Clean Neighbourhoods and Environment Bill – in a Public Bill Committee am 3:30 pm ar 20 Ionawr 2005.
I beg to move amendment No. 53, in page 27, leave out lines 40 to 42.
The amendment relates to a subject that the Minister referred to earlier: authorised officers being given adequate training. We seek to strike out from clause 30 for probing purposes the lines defining an authorised officer as
''an employee of the authority who is authorised in writing by the authority for the purpose of giving notices under section 43(1)''.
Will the Minister confirm whether, when that authority in writing is given, there will also be provision for at least a minimum amount of training in respect of the power to require a name and address under clause 28 and the power relating to fixed penalty notices?
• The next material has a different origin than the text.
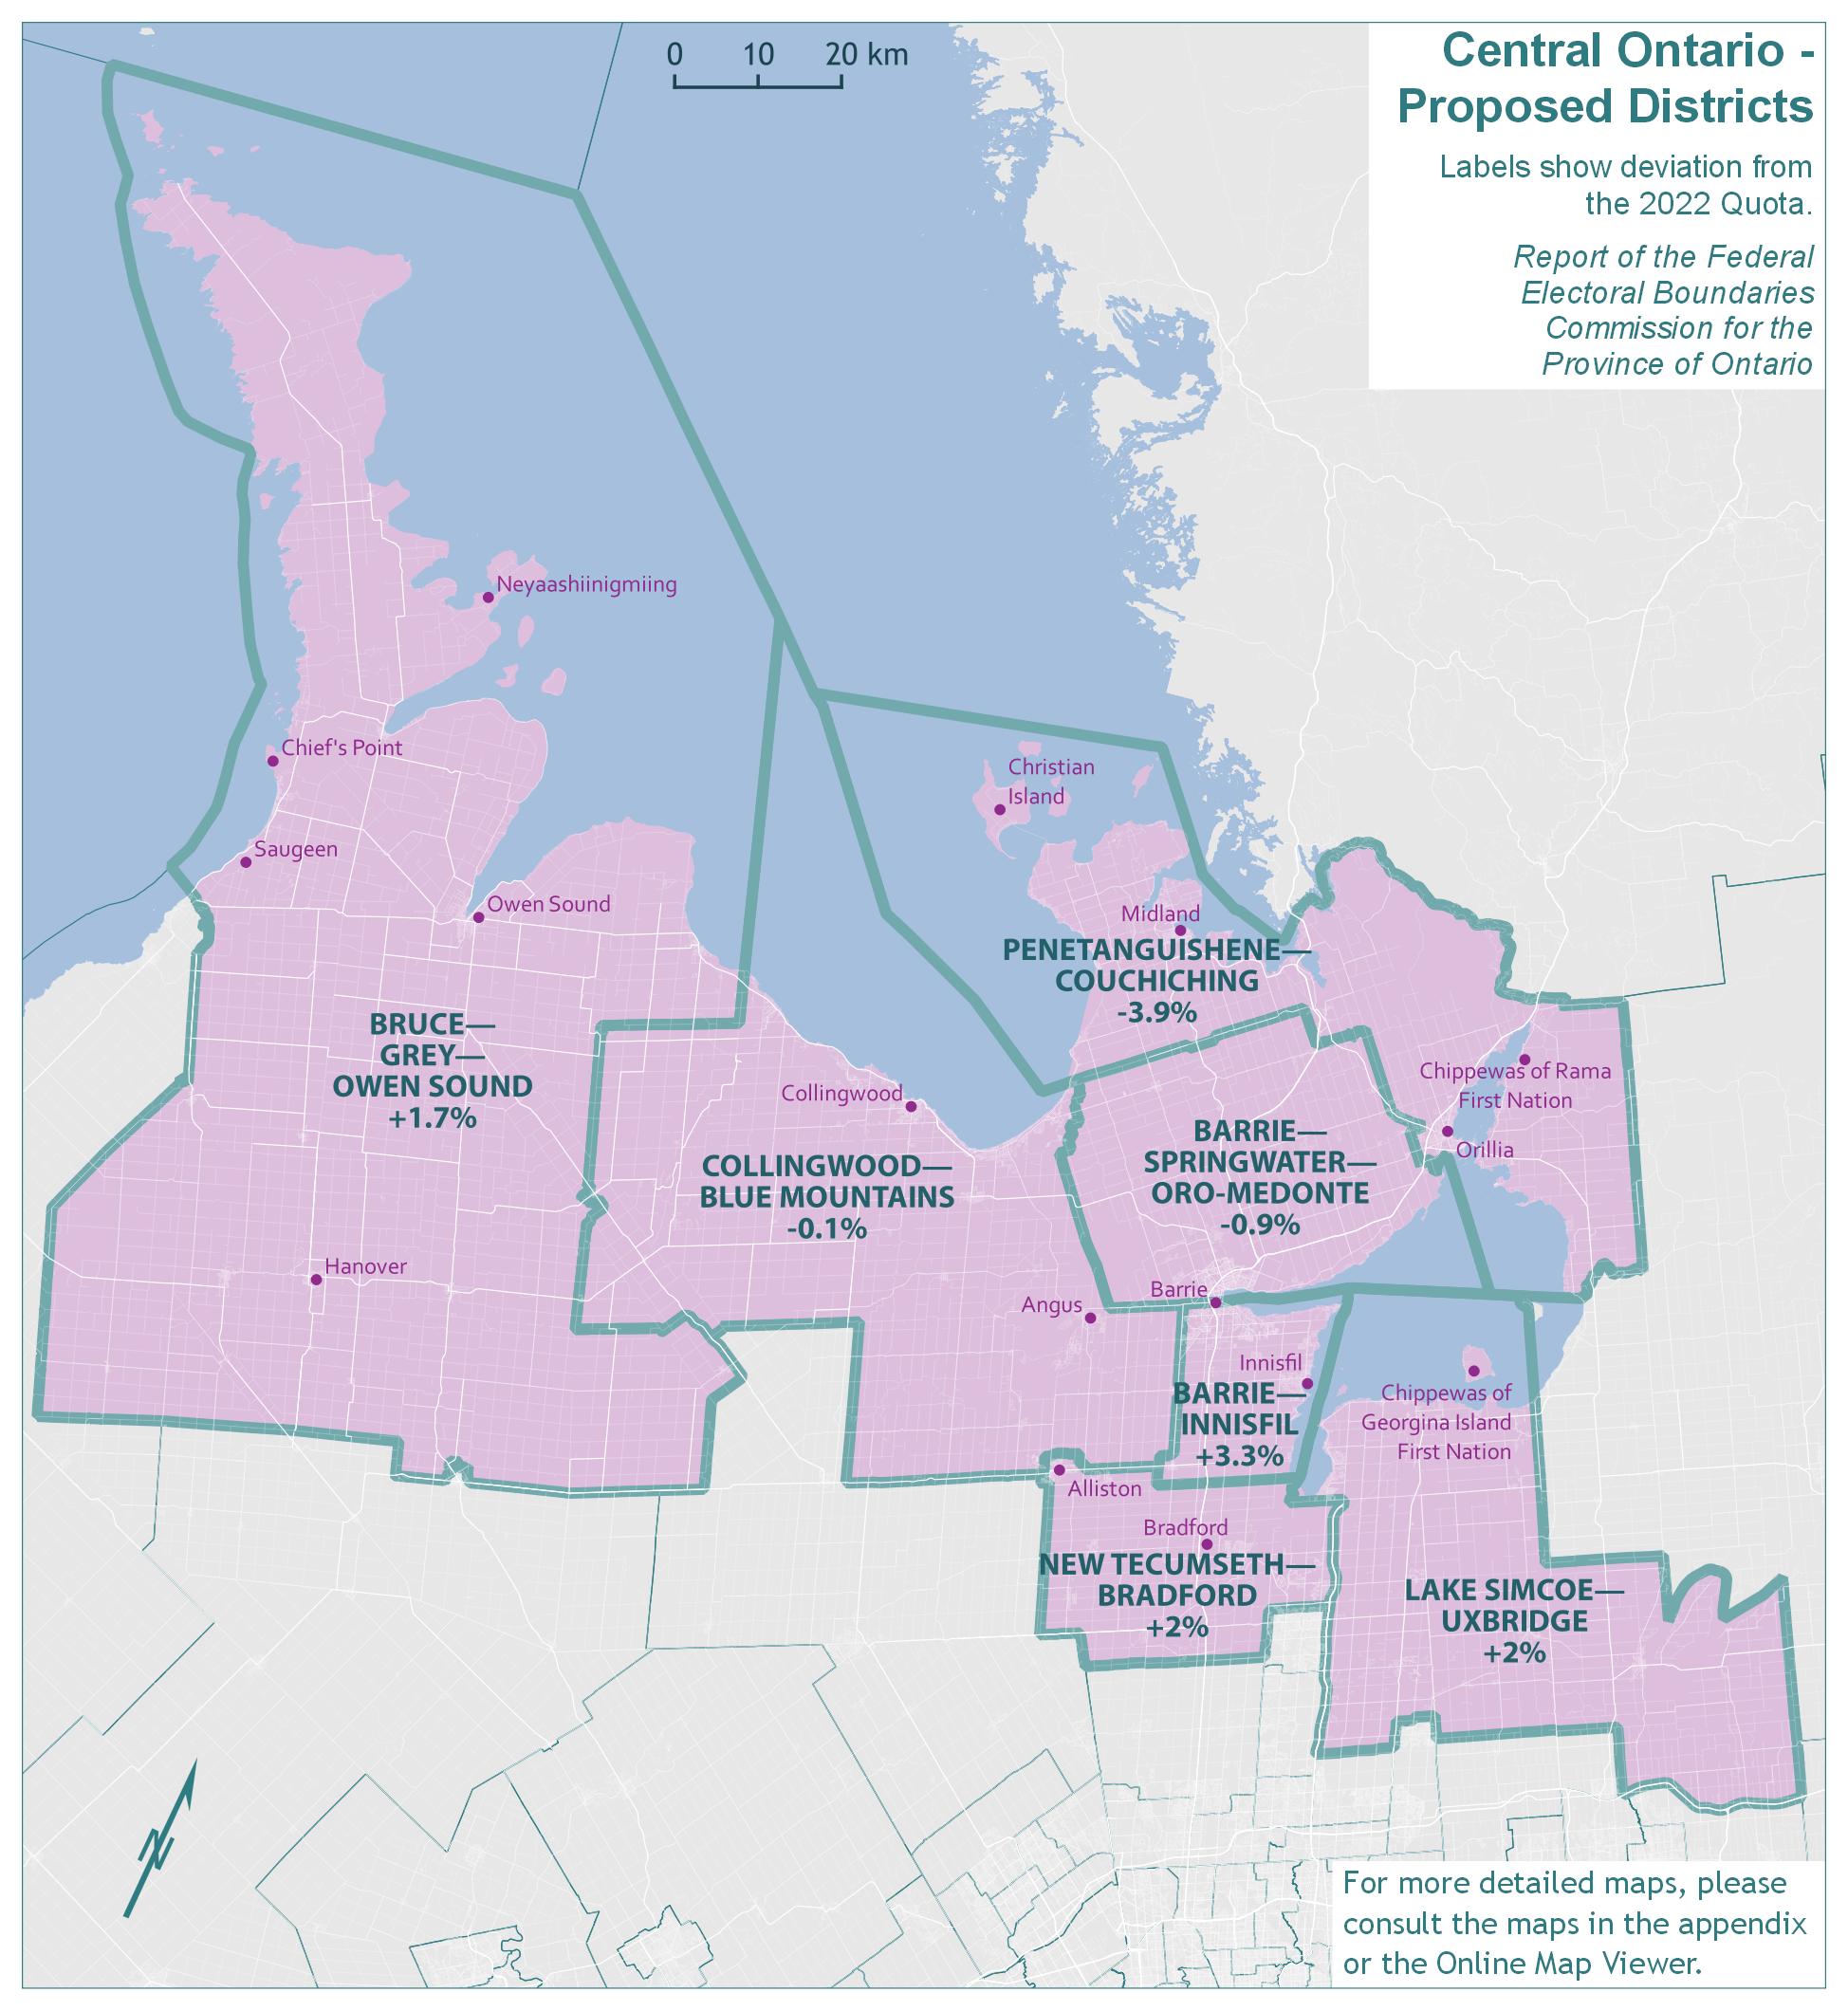 Central Ontario - Proposed Districts

Will there be a specific direction as to how authorised officers are to act in that regard?
For authorised officers under any aspect of the clause, whether employees of the authority under proposed new section 47(1)(a) of the 2003 Act, other persons under paragraph (b) or employees of another person under paragraph (c), the training would be exactly the same. They would be people who understood what they were doing and who had the appropriate training. I wonder whether the hon. Lady can help me. I do not understand why she wants to delete the lines referring to employees of the local authority, which would mean that an authority could authorise other people to undertake the work, but not its own employees.
I am really trying to establish whether the police and officers of the Environment Agency will also be involved in issuing fixed penalty notices. Can only an employee of the authority do so, or can a police officer, community support officer or an officer acting with the authority of the Environment Agency do so? I understand that those persons, particularly Environment Agency officers, would currently deal with the removal of fly-posters. Will that continue to be the case?
What the clause allows is fairly clear. It defines an ''authorised officer''. First, it could be an employee of the authority, but not just any old employee; it must be someone who is authorised in writing for the purpose of giving notices. As we have said, we will, in regulations or in guidance as appropriate, indicate the training that we expect people to have to be able to undertake that activity.
The second element is on page 28 in proposed new section 47(1)(b). The easiest thing is to read what it says. It refers to
''any person who, in pursuance of arrangements made with the authority, has the function of giving such notices and is authorised in writing by the authority to perform that function''.
That draws pretty widely the category of those who could undertake the work, whether the arrangement happened to be a contract with a company or an arrangement with another public body or even, conceivably, a non-governmental or voluntary organisation.
The third element is
''any employee of such a person who is authorised in writing by the authority for the purpose of giving such notices''.
In other words, if an organisation does work for a council—that would generally involve a contractual relationship—its employees could be authorised to undertake the work. That seems pretty comprehensive. Subsection (2) would give power to the appropriate person—we come back again to the Secretary of State and the National Assembly for Wales, respectively—to
''by regulations prescribe conditions to be satisfied by a person before a parish or community council may authorise him in writing for the purpose of giving notices under section 43(1).''
Those requirements would deal with the issue of whom it is appropriate to allow to issue notices, and what training is required.
Does the Minister share my bafflement that the Conservatives appear to want to allow councils to enable virtually anyone but a council employee to issue fixed-penalty notices? Paragraphs (b) and (c) would enable the council to authorise somebody other than its employees to do so, but paragraph (a), which the Conservatives would delete, is about council employees. I am somewhat baffled, and I am sure that the Minister shares my bafflement.
The hon. Gentleman makes robustly the point that I made more gently to the hon. Member for Vale of York in an intervention. He is right, and I hope that she will withdraw the amendment.
I explained myself at some length. I take it that Environment Agency officers continue to be authorised to remove fly-posting because the Minister did not deny that, although he was not terribly clear. My amendment was, to all intents and purposes, a probing amendment.
The hon. Lady should note that that is permitted.